EV-PREDICT
L’Ente Capofila del progetto è IRCCS Istituti Clinici Scientifici Maugeri SpA Società Benefit. Il Responsabile Scientifico del progetto è il Professor Fabio Corsi.
| Patologia: | Tumore al seno |
| Area Tematica: | Medicina di Precisione e Innovazione tecnologica |
| Data di Inizio Progetto: | 26.01.2026 |
| Data di Fine Progetto: | 25.01.2029 |
| Finanziamento: | € 1.840.000,00 |
| Partenariato | IRCCS Istituti Clinici Scientifici Maugeri SpA Società Benefit ASST Fatebenefratelli Sacco Università degli Studi di Brescia SCITEC-CNR – Istituto di Scienze e Tecnologie Chimiche – Consiglio Nazionale delle Ricerche |
Triple negative breast cancer (TNBC) is the most aggressive subtype of breast cancer and its treatment is a challenge. Neoadjuvant chemotherapy +/- immunotherapy (NAT), is a preferred option in TNBC >1 cm, aiming not only to reduce tumor size and explore sensitivity to therapy, but also to achieve a complete pathological response (pCR), which should be considered a surrogate for prognosis. Currently, the choice of NAT is based on tumor biology, size, grade, and lymph node involvement. However, these criteria are often not adequate and sufficient to predict individual response.

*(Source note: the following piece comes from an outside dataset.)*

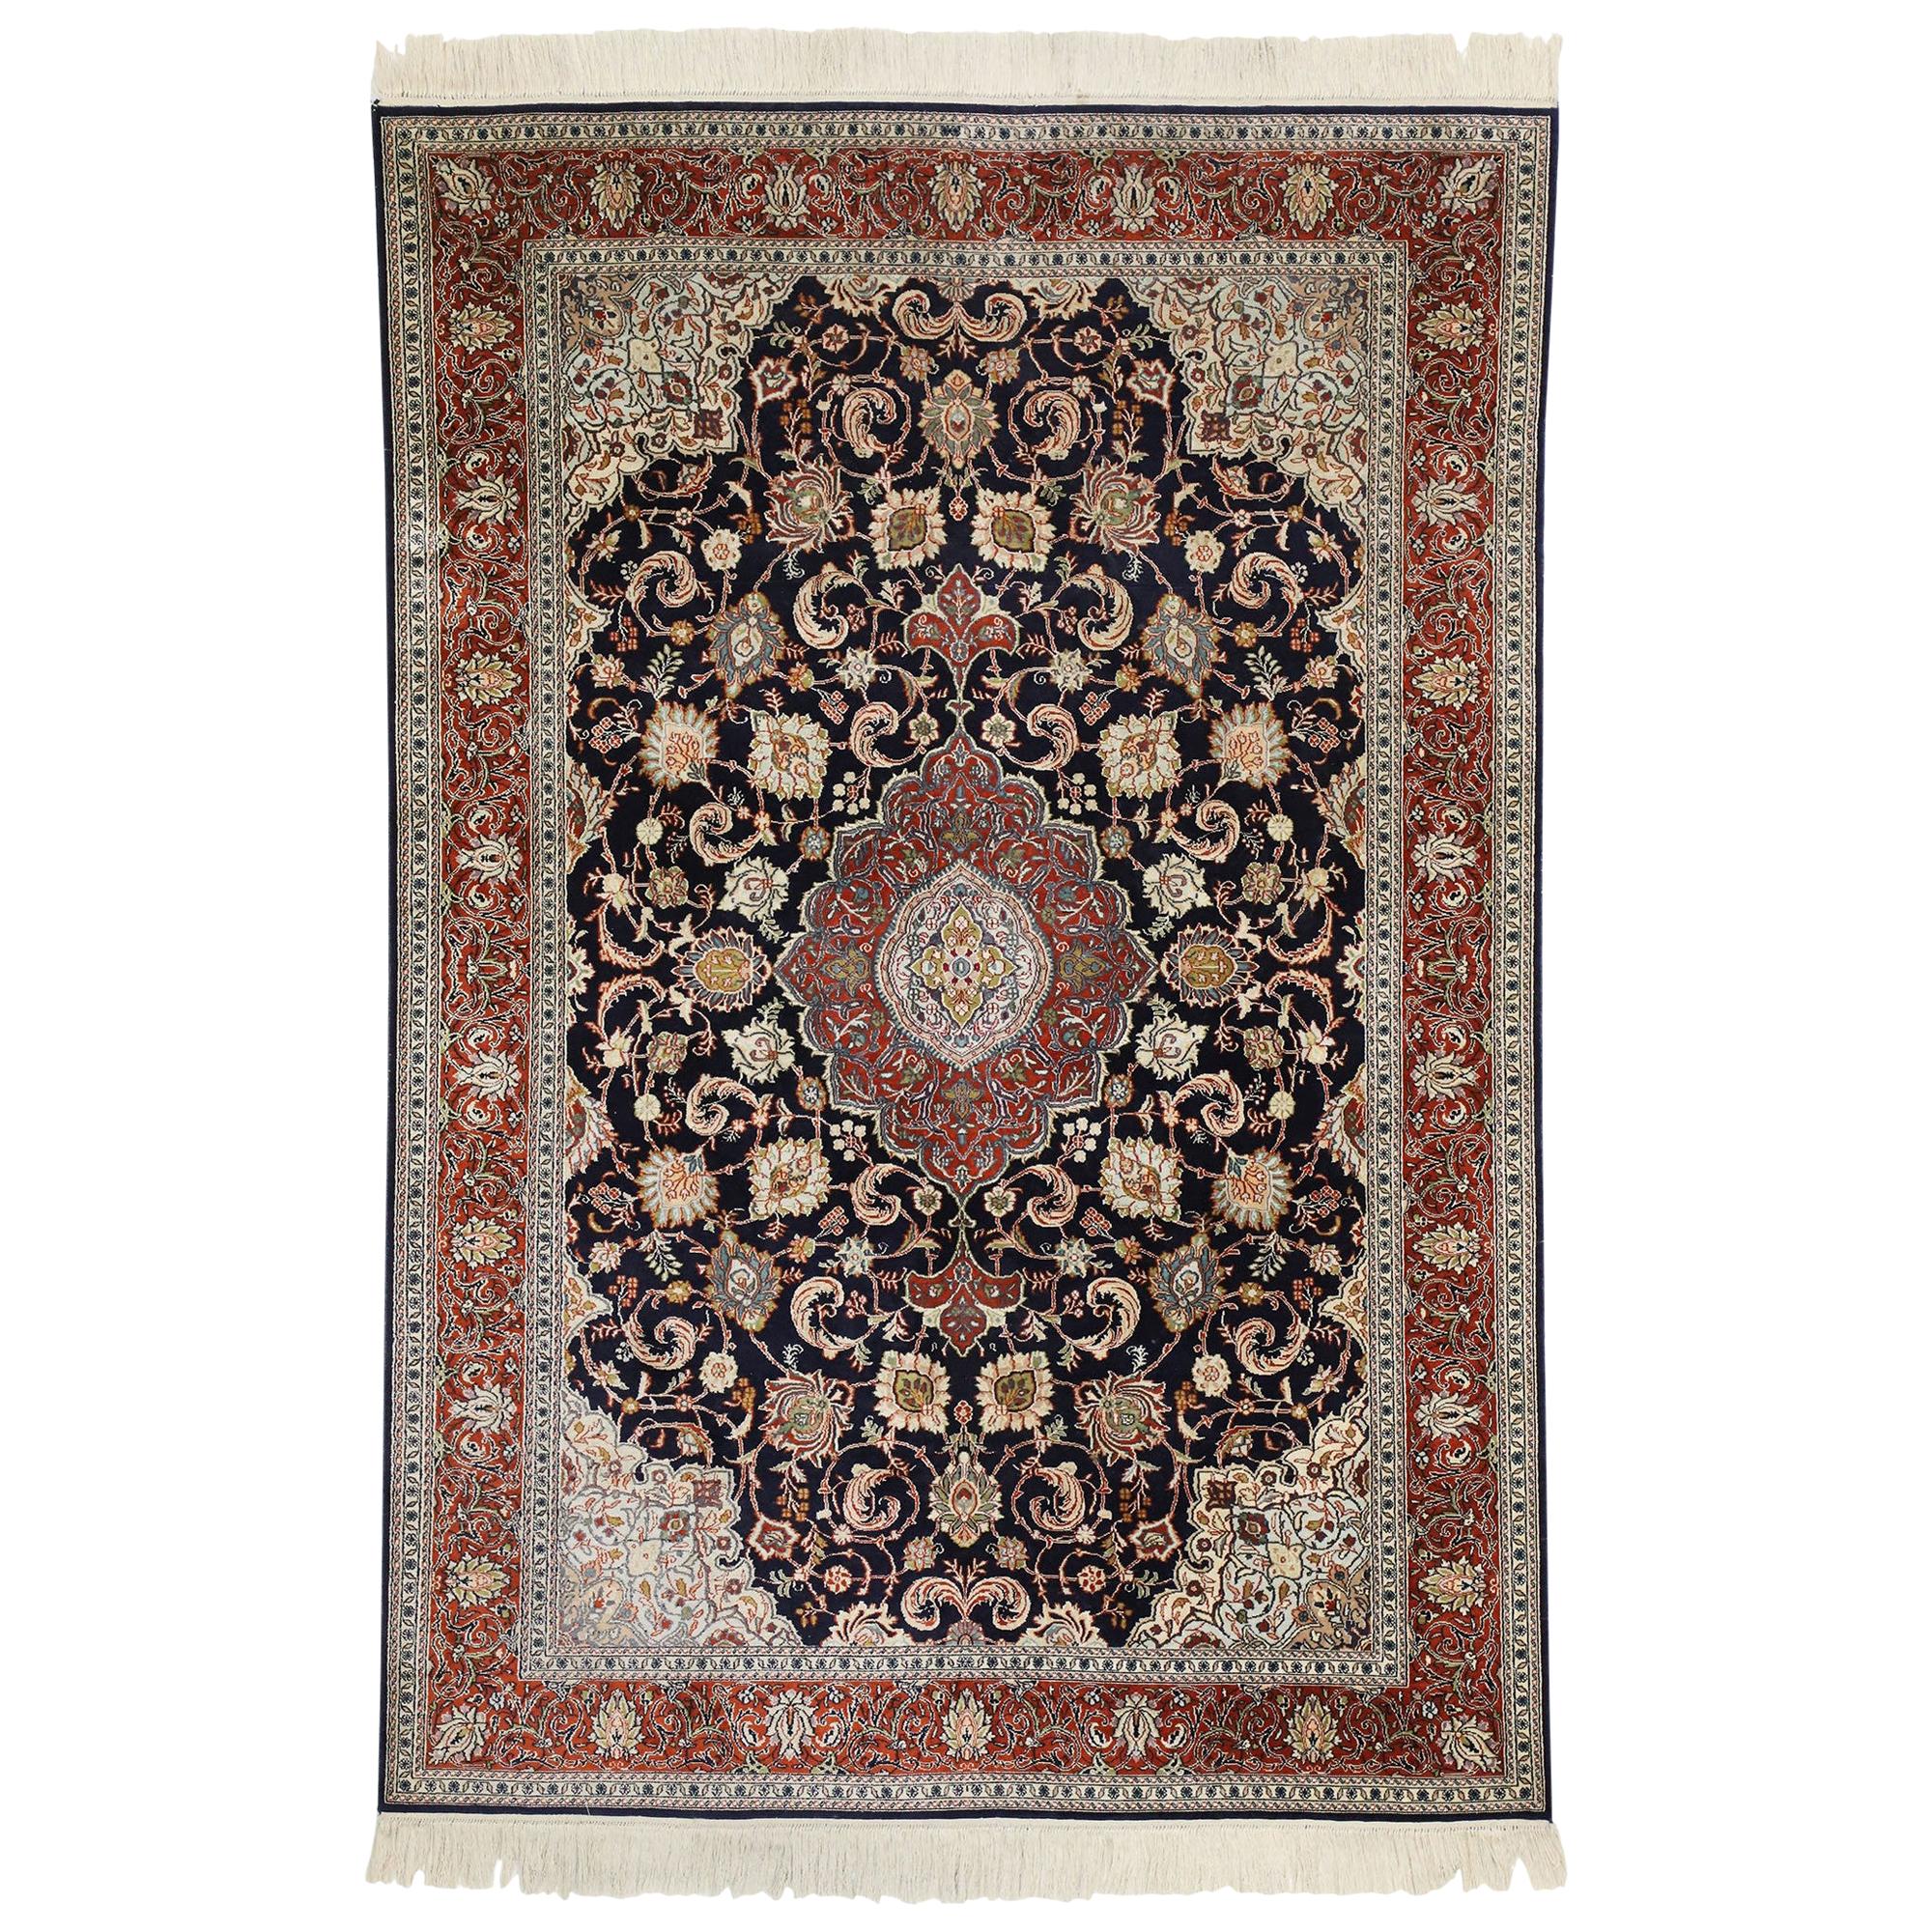 Vieux tapis persan en soie de Kashan avec style Renaissance hollandaise du vieux monde

In order to improve a precision medicine approach, we will develop an innovative non-invasive tool integrating new biomarkers transported in blood by extracellular vesicles (EV) through artificial intelligence methods.
Circulating EV will be analyzed throughout NAT by multiple approaches and omics technologies to identify EV signatures predictive of response to NAT in TNBC. EV from plasma, primary tumor tissue and culture medium of patient-derived organoids (PDO) will be sorted and characterized from the same patients to point out tumor-specific biomarkers that best refine the predictive EV signature. PDO will be also tested for sensitivity to different drugs that could be used to tailor treatments for TNBC.
This research will allow an important step forward in the personalization of TNBC treatment, by offering a non-invasive avenue for identifying predictive circulating biomarkers in tumor-derived EV.